Nan looked agitated. “Well, just last week there were a number of men sitting in our parlor… I was working in the kitchen.” She looked forlornly up at Tess, then back at Matt. “Dennis told me to make sandwiches and…and salads for them to eat with their beer… He bought beer by the keg, you know, as if he were a barkeep….” She looked around distractedly, running her fingers through her hair.

“It must have been hard on you, Nan,” Tess said sympathetically. She had risen some time before and was standing next to Matt, at whom she shot a glance. Upon his nod, she prompted gently, “You were working around the kitchen, and you heard something.”

“Yes, yes. Dennis said a man named Marley…that he knew how to get around locks. He said ‘I'll get him to help.'”

“Marley?” Matt echoed.

“Yes, but I don't know if it was his first name or his last name. I don't even know if he was here in Chicago.” She put her face in her hands. “I'm so sick. My sister fainted
when they came to arrest me. She doesn't think I did it, but she's scared, too.” She lifted her red-rimmed eyes. “Mr. Davis, they'll hang me if I can't prove I didn't do it, won't they?”

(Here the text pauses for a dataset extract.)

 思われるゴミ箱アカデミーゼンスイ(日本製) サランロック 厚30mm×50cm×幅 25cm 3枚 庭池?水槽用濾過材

“No court is going to hang a woman who's in the family way,” he said tersely.

“But they might not care.” She moaned. “They'll make me out to be as bad as those girls who work in bordellos. The jury will all be men, and they'll convict me as sure as there's a sun.”

“Now, now,” Tess said gently, crossing to Nan and holding her hands tightly. “You mustn't think that way. Remember the baby and try to stay optimistic. Matt's doing all he can to save you, and so am I.” She brightened. “Nan, I'll get the girls together and that will give us strength. You're well liked, and none of them will believe you capable of murder. But you'll be tried by an all-male court, and that won't sit well with our group at all.” She was thinking out loud. “We might be able to help in some way.”

“They won't want to help me when they hear about the baby,” Nan said miserably.

“Nan, some of our members advocate having all children out of wedlock and out from under the control of men.”

“Oh, of a certainty, keep men for breeding stock and then kill them…” Matt muttered.

“Matt!” Tess cried, scandalized.

Nan brightened a little. “Well, Tess, I did hear one girl
say something along those lines. I'm sure she was joking,” she added hastily, with an apologetic glance at Matt.

“Don't worry about offending me,” he said. “I've had years of listening to Tess's thoughts on women's emancipation.”

“Some of our fellow marchers have rather radical ideas,” Tess had to admit. “There was a group once that advocated living like Amazons.” Her face colored. “Of course, they thought men should be kept on leashes and in cages.”

He chuckled. “No doubt. And I suppose you find that concept rational.”

She glanced at him. “They'd have to make a very large cage to hold you.”

Nan looked around her. “This one seems to hold me very well.” She twisted her skirt in her hands. “What shall I do?”

“Try not to worry,” Matt said solemnly. “Remember, you have us on your side. Meanwhile, there's no real alternative to leaving you here. I'm sure if there had been a way to accomplish it, your sister and her husband would have found it already.”

Nan nodded. “They did appeal to the judge, but it's a capital crime, and they won't discuss bail.” She turned her gaze to Tess. “Do you think you might find a book or two for me to read? It's frightening in here, and I have too much free time. Or could you bring me some wool and some knitting needles?”

“I'll do what I can,” Tess said.

“Mr. Davis, please ask my brother-in-law to stop by and
see me,” she added. “I'm a bit scared being here alone, and that jailer…well, he's rather offensive and getting bolder with his remarks by the hour.”